L’Iran era stato inserito nel gruppo G insieme a Belgio, Egitto e Nuova Zelanda. La prima partita della nazionale iraniana era fissata per il 15 giugno a Los Angeles, proprio contro i neozelandesi. Paradossalmente, il presidente degli Stati Uniti Donald Trump aveva recentemente dichiarato che la nazionale iraniana sarebbe stata “ovviamente benvenuta” al torneo, durante un incontro alla Casa Bianca con il presidente della Fifa, Gianni Infantino. Le rassicurazioni americane, però, non hanno sortito alcun effetto sulla decisione di Teheran.
Infantino ha commentato la situazione su Instagram, spiegando di aver discusso con Trump dei preparativi per la competizione e della situazione iraniana. A 90 giorni dalla cerimonia inaugurale, il presidente della Fifa ha scritto che il mondo ha bisogno di un evento come la Coppa del Mondo per unire le persone, ora più che mai.

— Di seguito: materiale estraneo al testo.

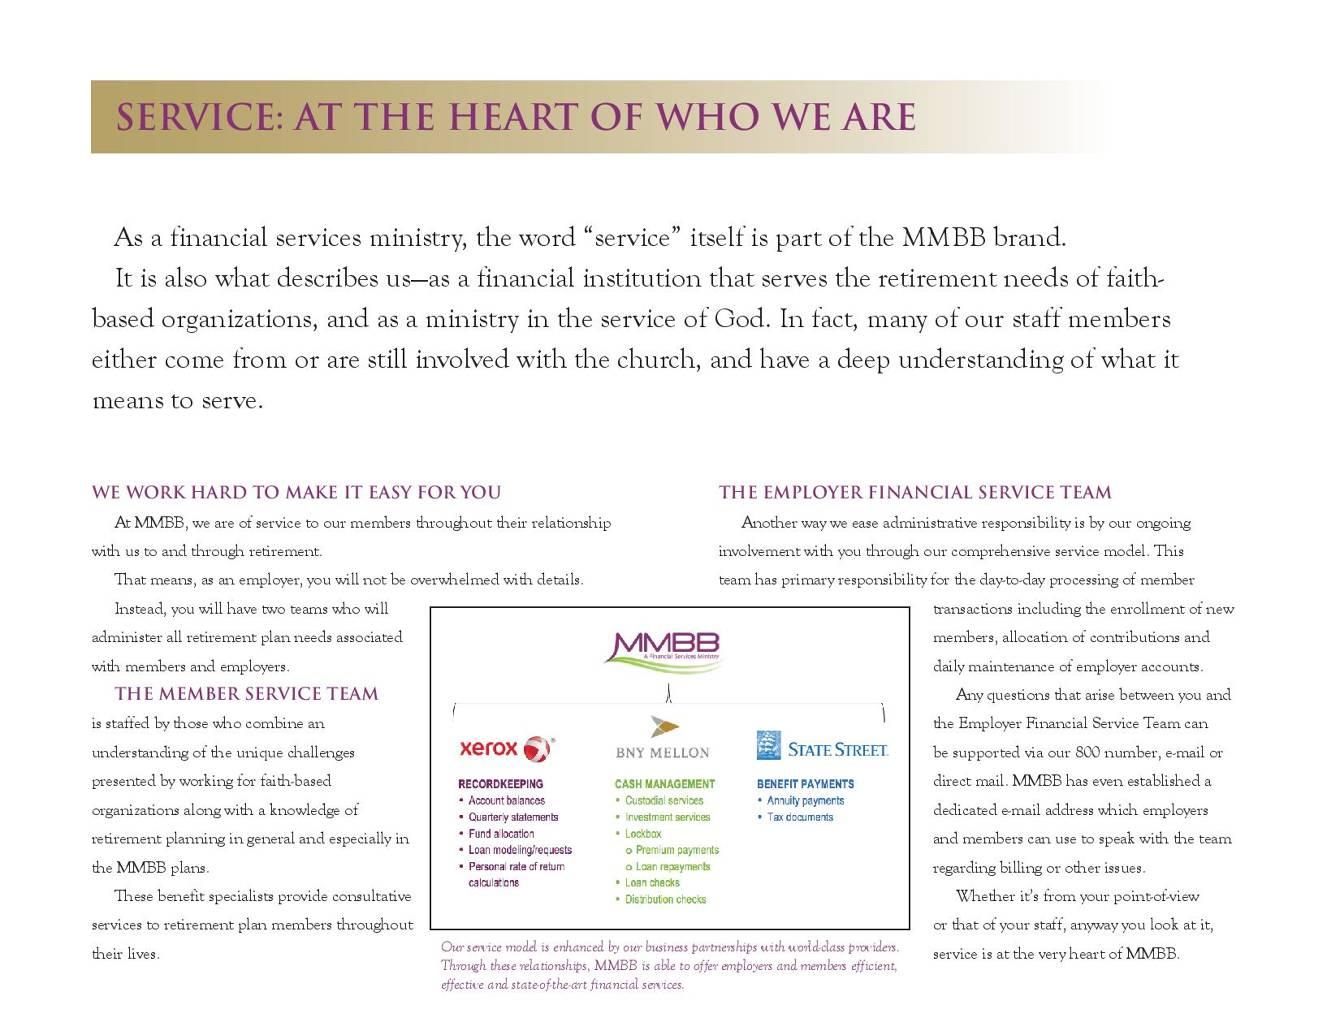 MMBB-Executive-Brochure-page-11_2x.jpg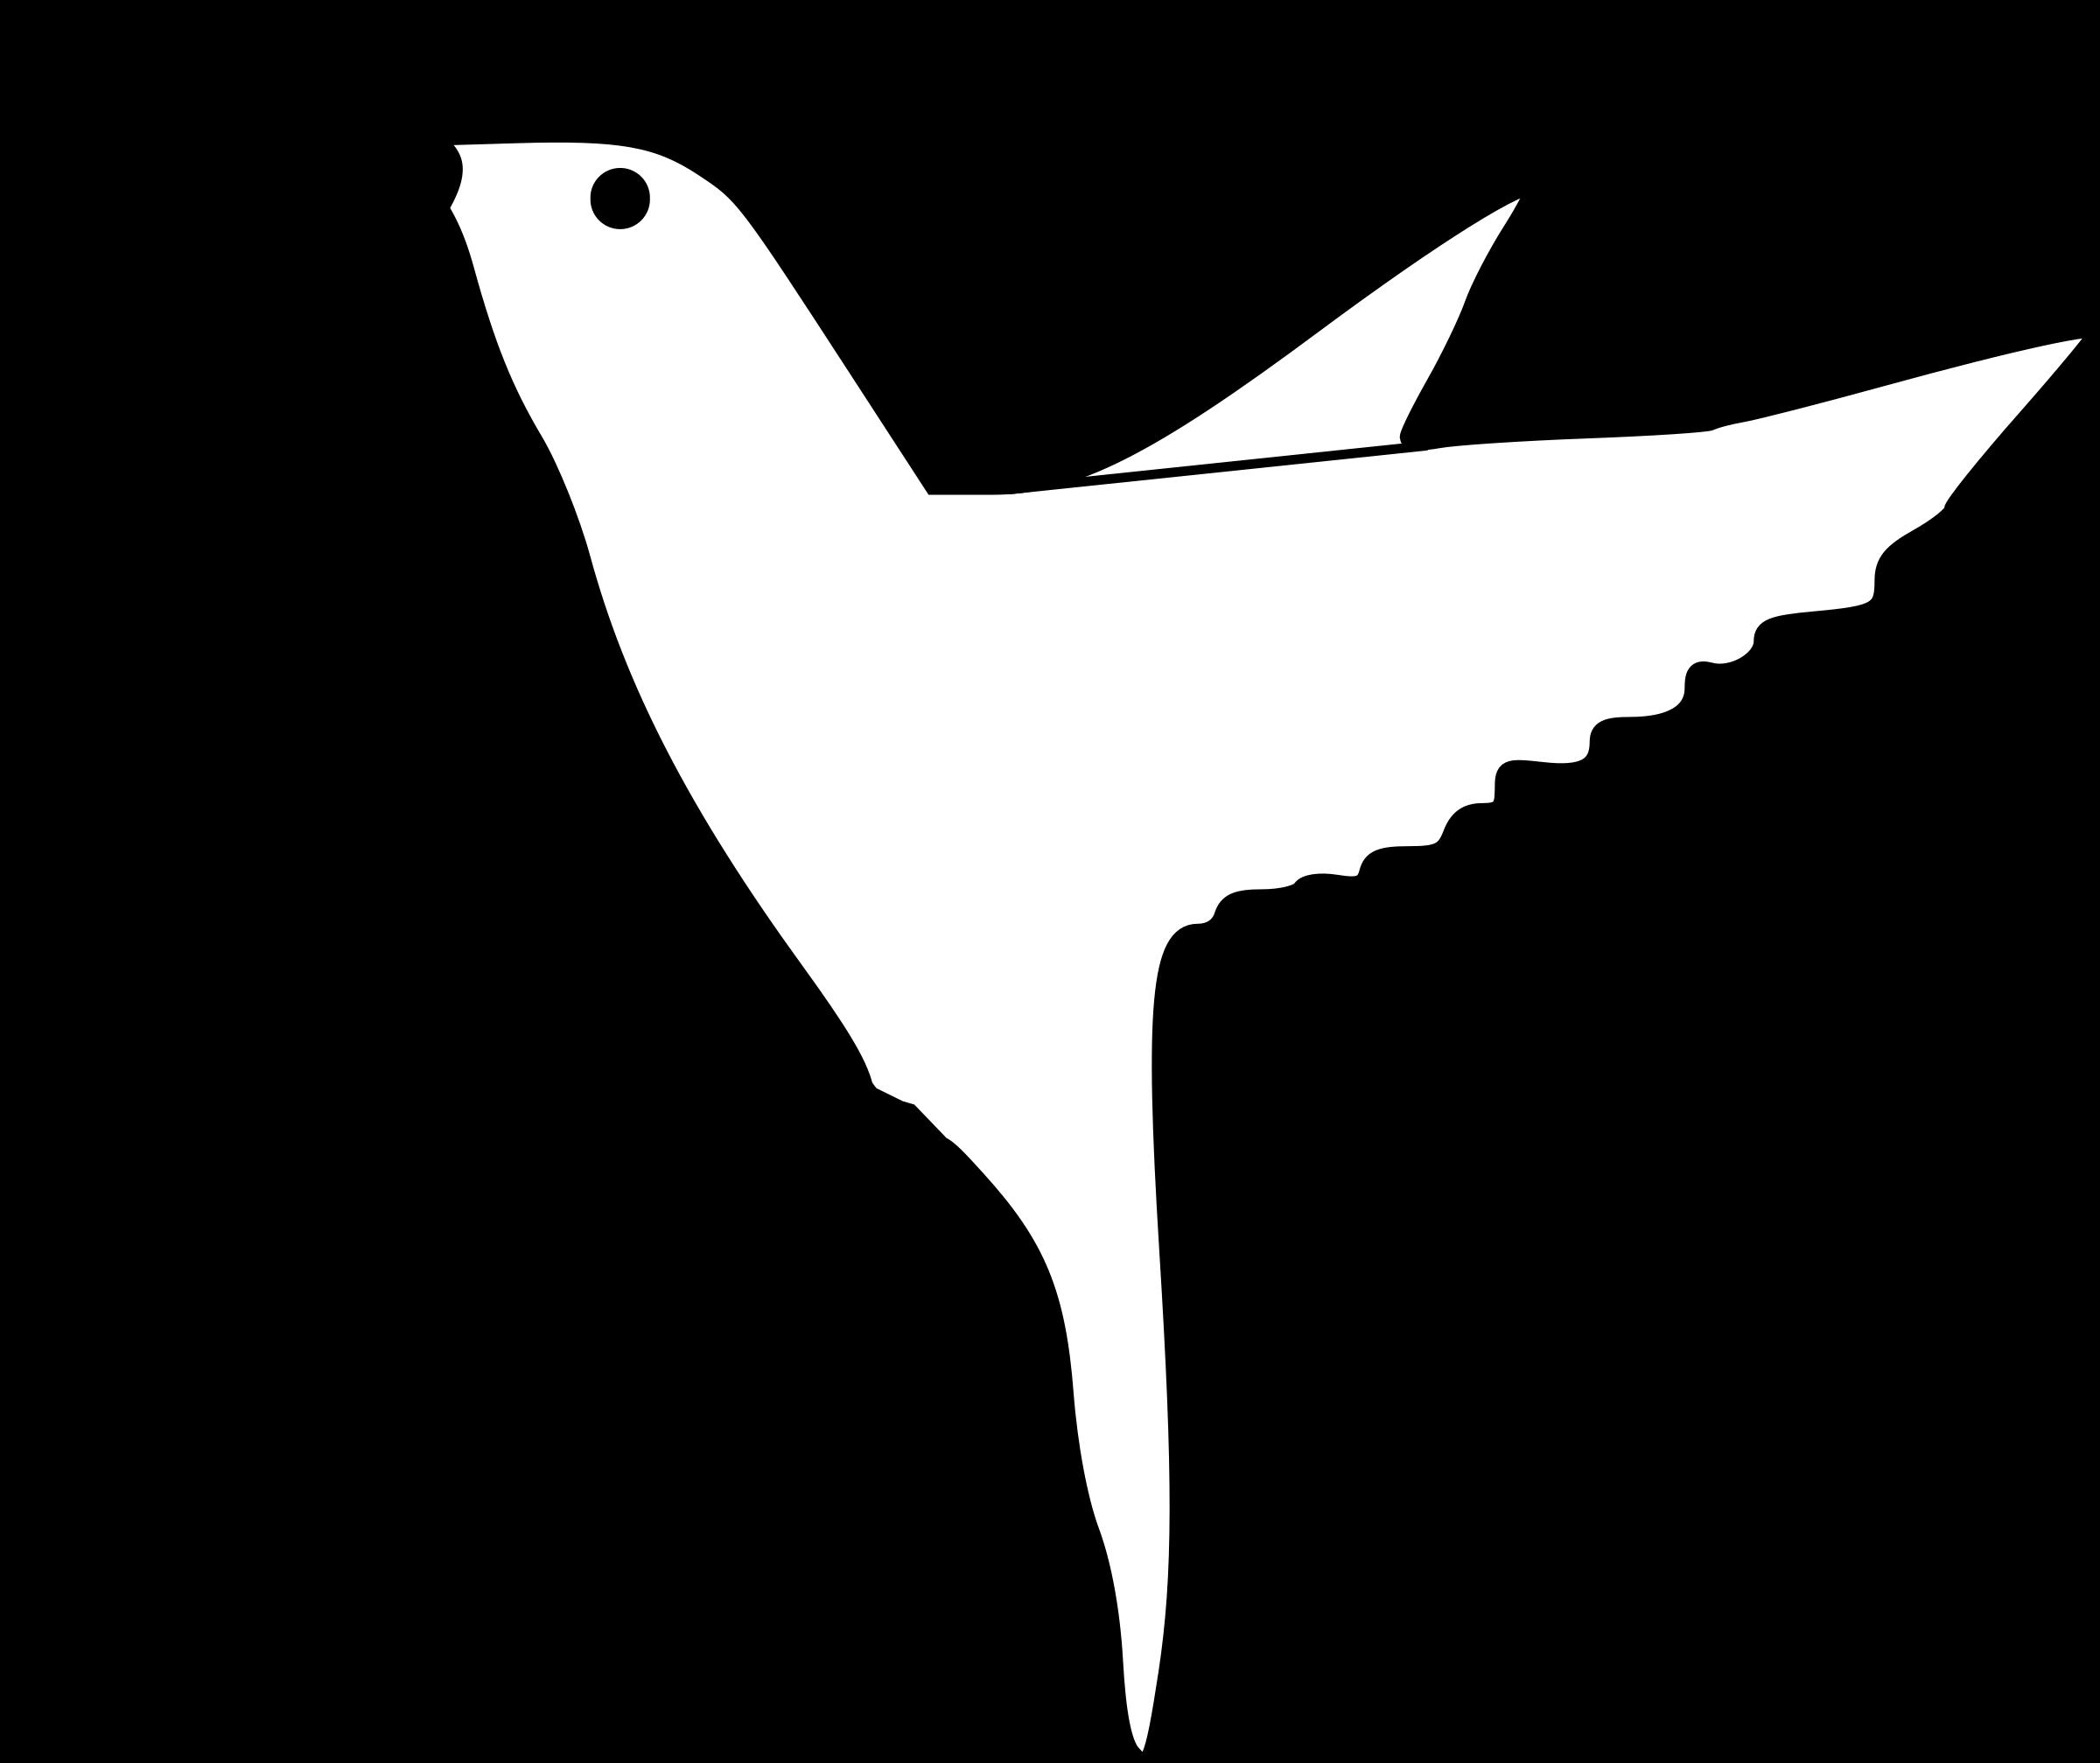 Big image png. Hummingbird clipart simple

Il regolamento della Fifa prevede specificamente questo scenario. L’articolo 6.7 stabilisce che in caso di ritiro sia la federazione internazionale a decidere liberamente se e come sostituire la squadra rinunciataria, lasciando ampia discrezionalità all’organizzazione. Dal punto di vista economico, l’articolo 6.2 prevede sanzioni precise: se il ritiro avviene entro 30 giorni dalla prima partita, la multa ammonta ad almeno 250mila franchi svizzeri. Nel caso di una rinuncia più tardiva, l’importo sale a 500mila franchi svizzeri, a cui si aggiunge la restituzione dei contributi incassati per la preparazione.
Non è la prima volta, comunque, che una nazionale qualificata rinuncia a partecipare a un Mondiale. L’ultimo precedente risale al 1950, quando Scozia, Francia, Turchia e India decisero di non presentarsi alla manifestazione nonostante fossero qualificate. Un quadro simile si è verificato anche recentemente al Mondiale per club, dove la Fifa ha organizzato uno spareggio tra le prime due squadre non qualificate per colmare il vuoto.
Nel frattempo, diverse nazionali sperano di occupare il posto lasciato libero dall’Iran. Tuttavia, appare difficile che la Fifa ripeschi l’Italia, qualora gli azzurri dovessero fallire i playoff di qualificazione attualmente in corso sotto la guida di Gennaro Gattuso. Molto più probabile che venga scelta una nazionale della confederazione asiatica, rispettando così l’equilibrio geografico della competizione. I candidati principali sono l’Iraq, che deve ancora giocare lo spareggio contro Bolivia o Suriname, e gli Emirati Arabi Uniti, eliminati nei playoff proprio dall’Iraq.
Tuttavia, sognare è lecito e basti pensare al caso dell’Europeo del 1992. In quell’occasione, la Danimarca non era riuscita a qualificarsi sul campo, ma fu richiamata d’urgenza a soli dieci giorni dall’inizio del torneo per sostituire la Jugoslavia, esclusa a causa della guerra civile. I giocatori danesi, che si trovavano già in vacanza, si radunarono senza alcuna preparazione e, contro ogni pronostico, arrivarono a sollevare il trofeo in finale contro la Germania. Succederà ancora?